Ni Hao! Kannichi Wa! Nota Bene to the post above from the Mouth

To tout oneself or anyone else as a "nominee" of a Nobel Prize, even to know you are a nominee is a corruption of the entire process of disputes over intellectual property, funding or publication priority. Any delusionary individual apparently can declare they are a nominee for the Nobel Prize.

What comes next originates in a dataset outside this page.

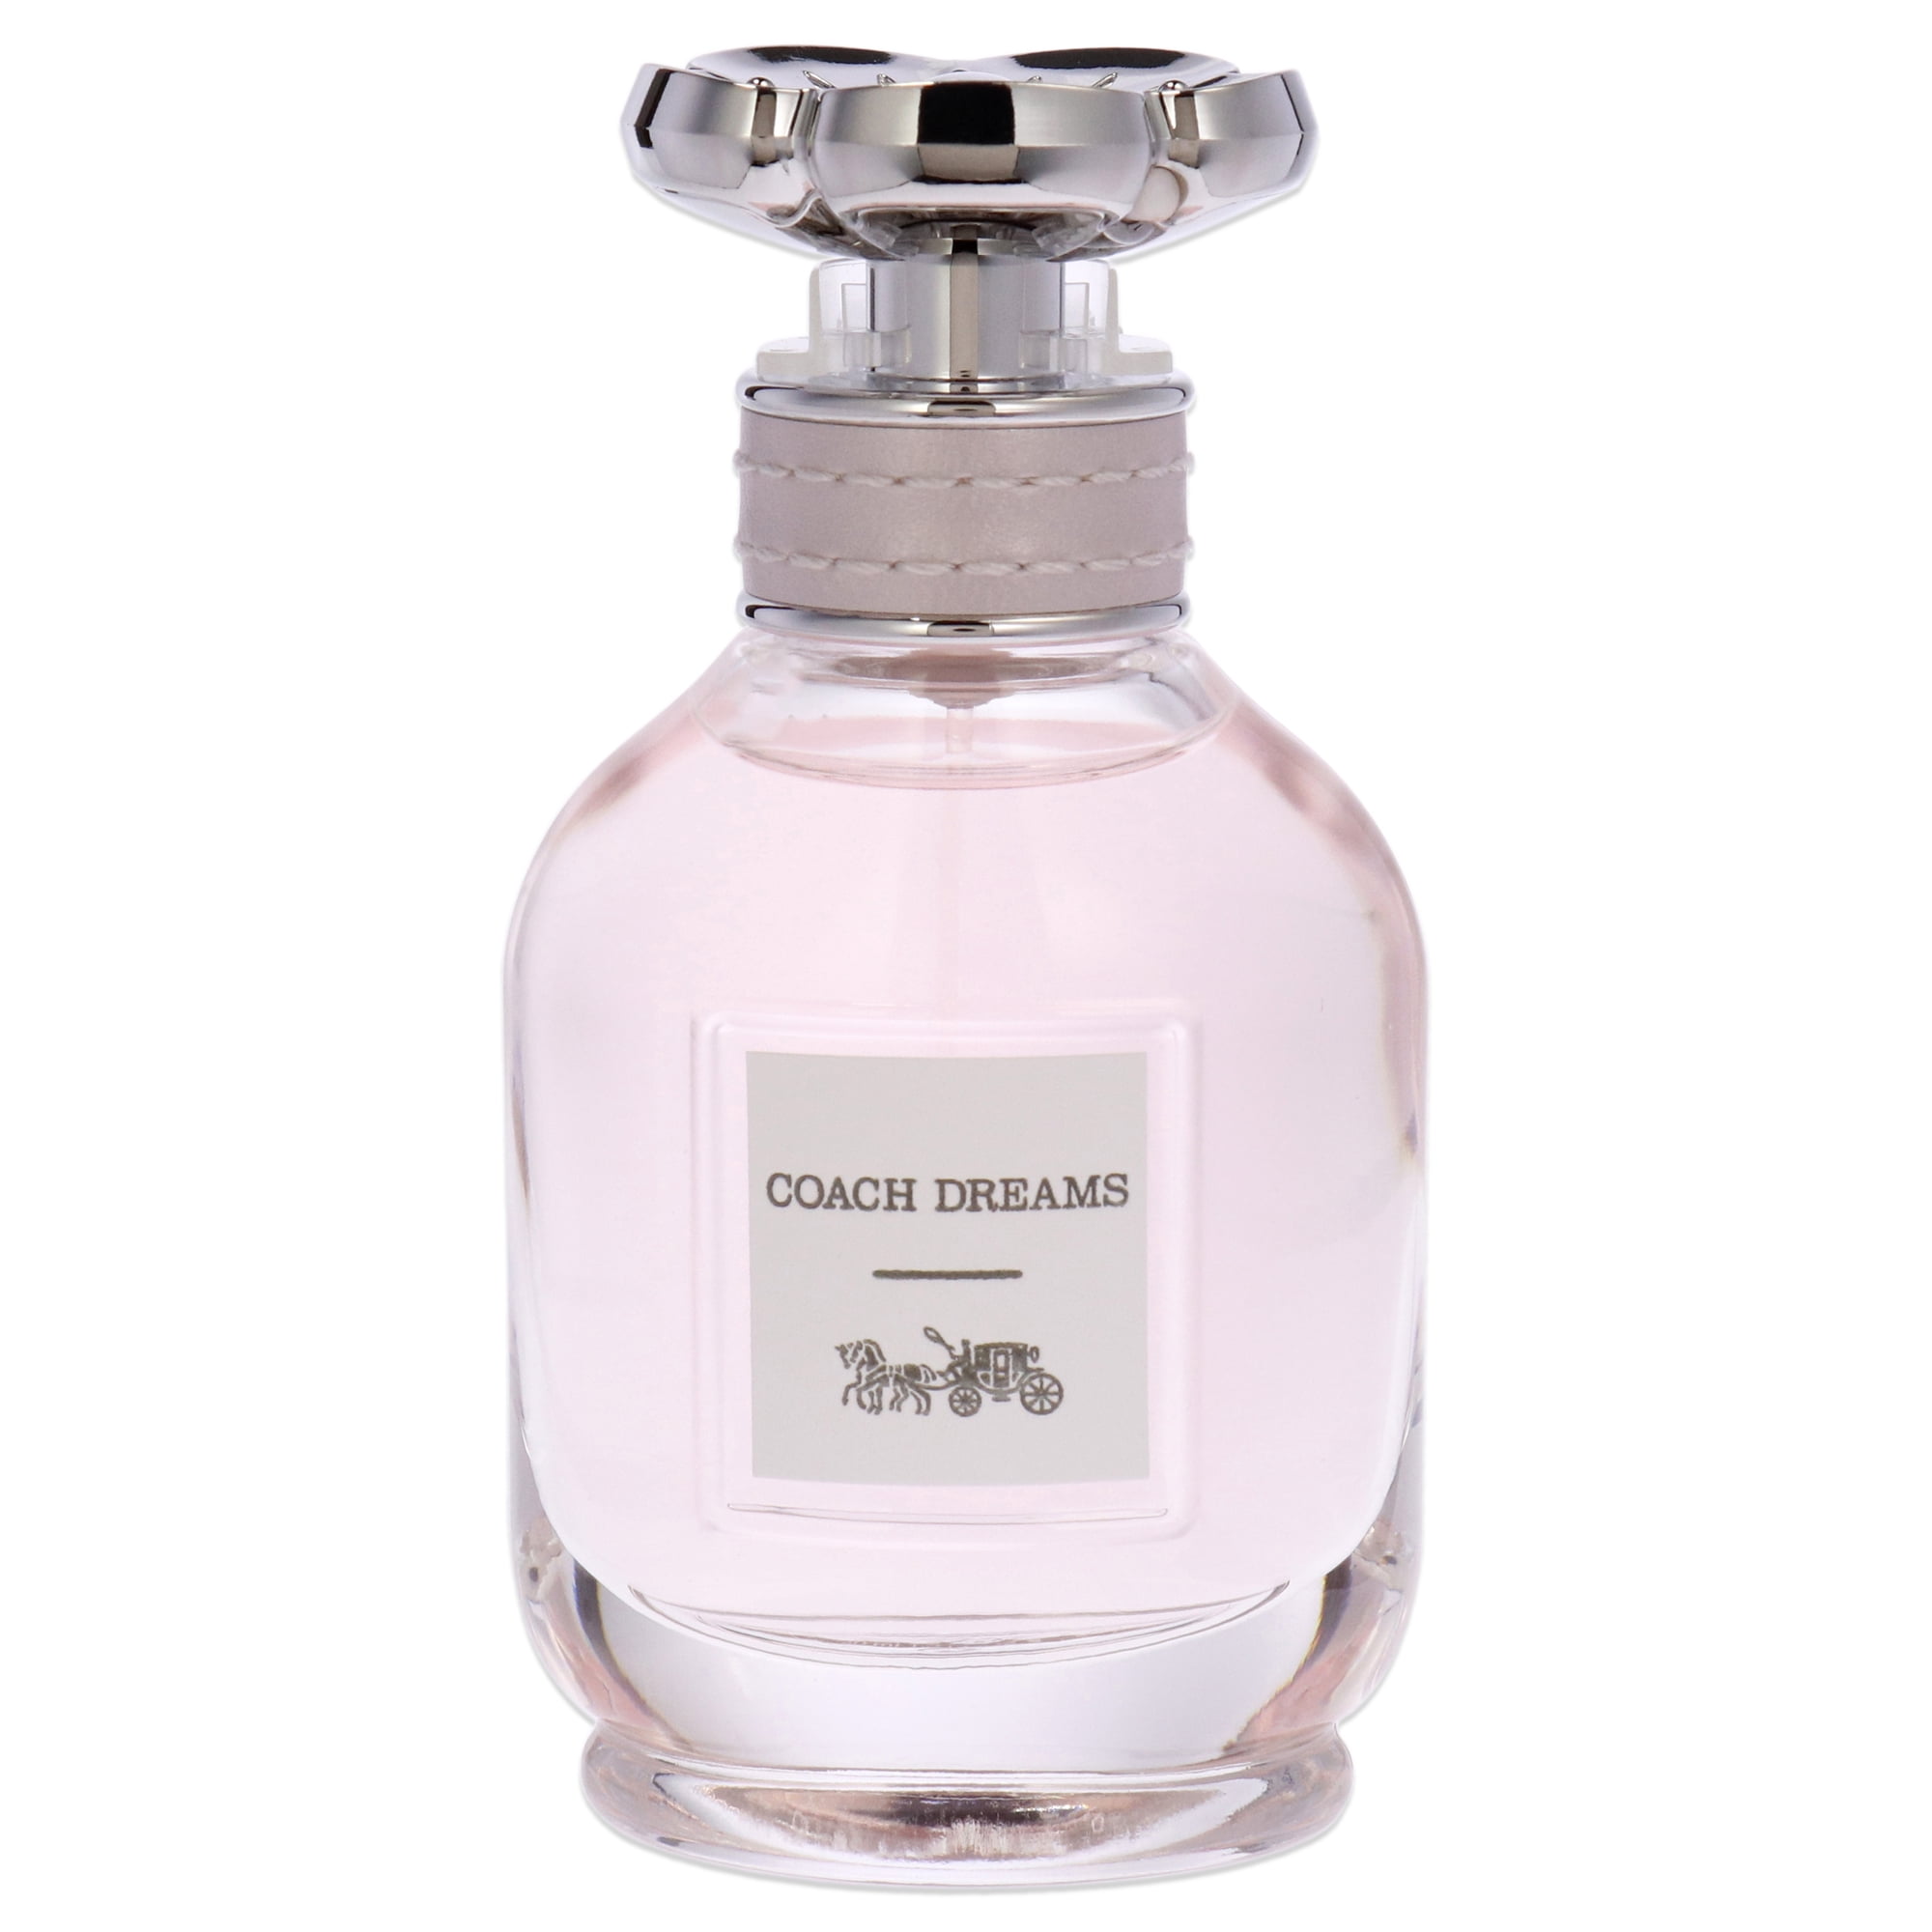 72 Value) Coach Dreams Eau de Parfum, Perfume for Women,  Oz -  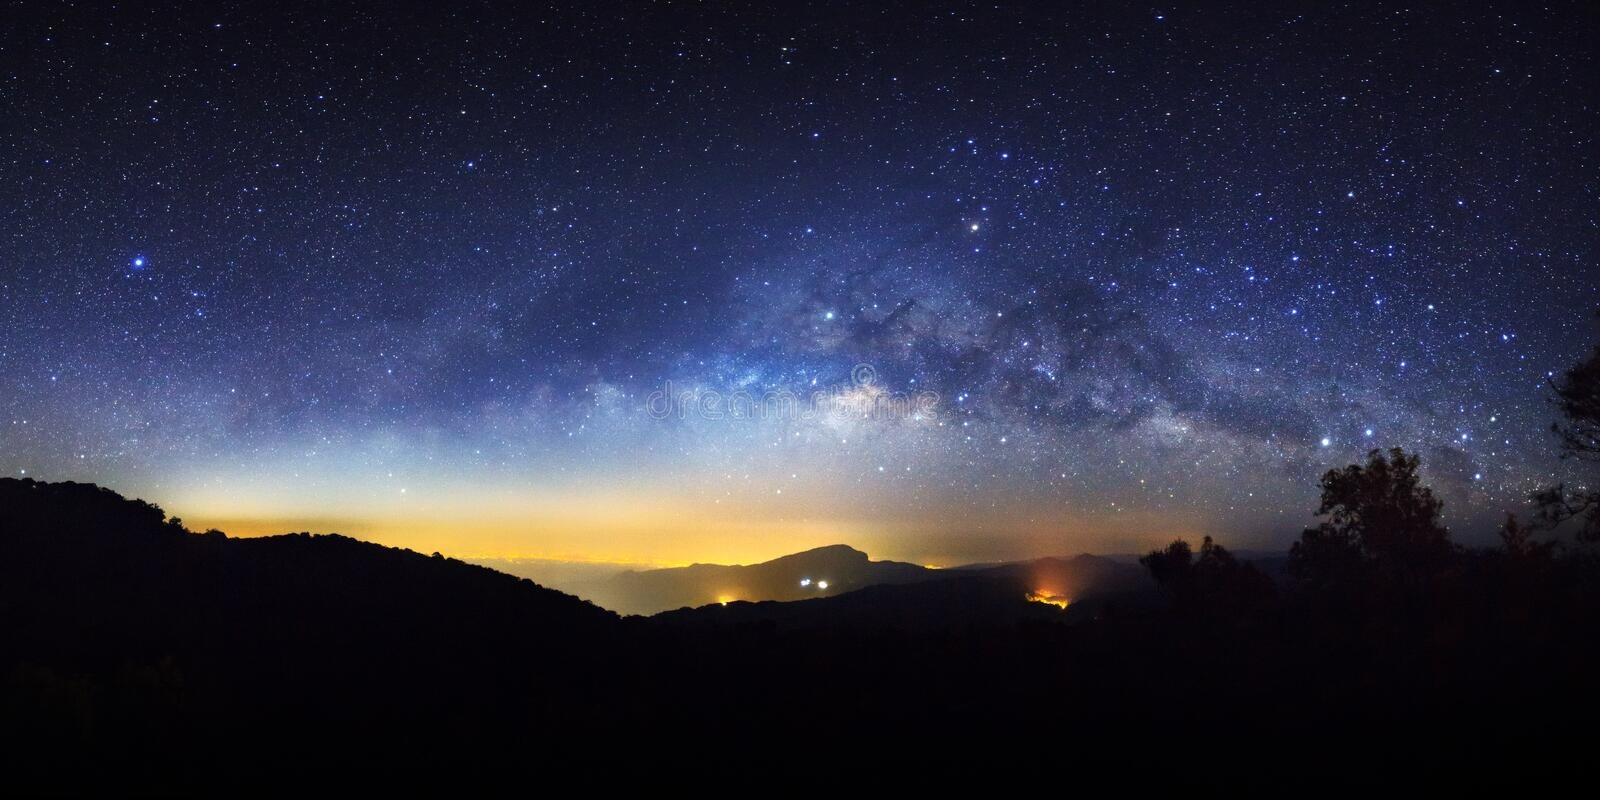 Tìm hiểu hơn 118 hình nền bầu trời sao đêm mới nhất  thdonghoadian

According to the Statutes of the Nobel Foundation, information about the nominations is not to be disclosed, publicly or privately, for a period of fifty years. The restriction not only concerns the nominees and nominators, but also investigations and opinions in the awarding of a prize. Nomination information older than fifty years is public. At this web site the Nomination Databases for the Nobel Prize in Physiology or Medicine, 1901-1951 and for the Nobel Peace Prize, 1901-1955 are now available.

Bottom line: The Nobel Prize is a farce, ultimate in hypocrisy, rigged politically, antiquated and quite disastrous for our reality-based scientific future that should be based on knowledge, just like the corrupt so-called peer review system in general, both for dissemination of information and for funding.

The current review system based on a so-called expert panel who are largely experts in their own minds and the non-scientist administrators who pick them is in shambles and sending our basic science culture down the road to disaster and mindless documentation of illusory and useless trivia.

It is time for a jury system with a voir dire process with at least 6 to 12 jurors (reviewers) per manuscript or proposal with equal vote and a judge (editor) picked very carefully and fairly (possibly elected) similar to patent and intellectual property disputes.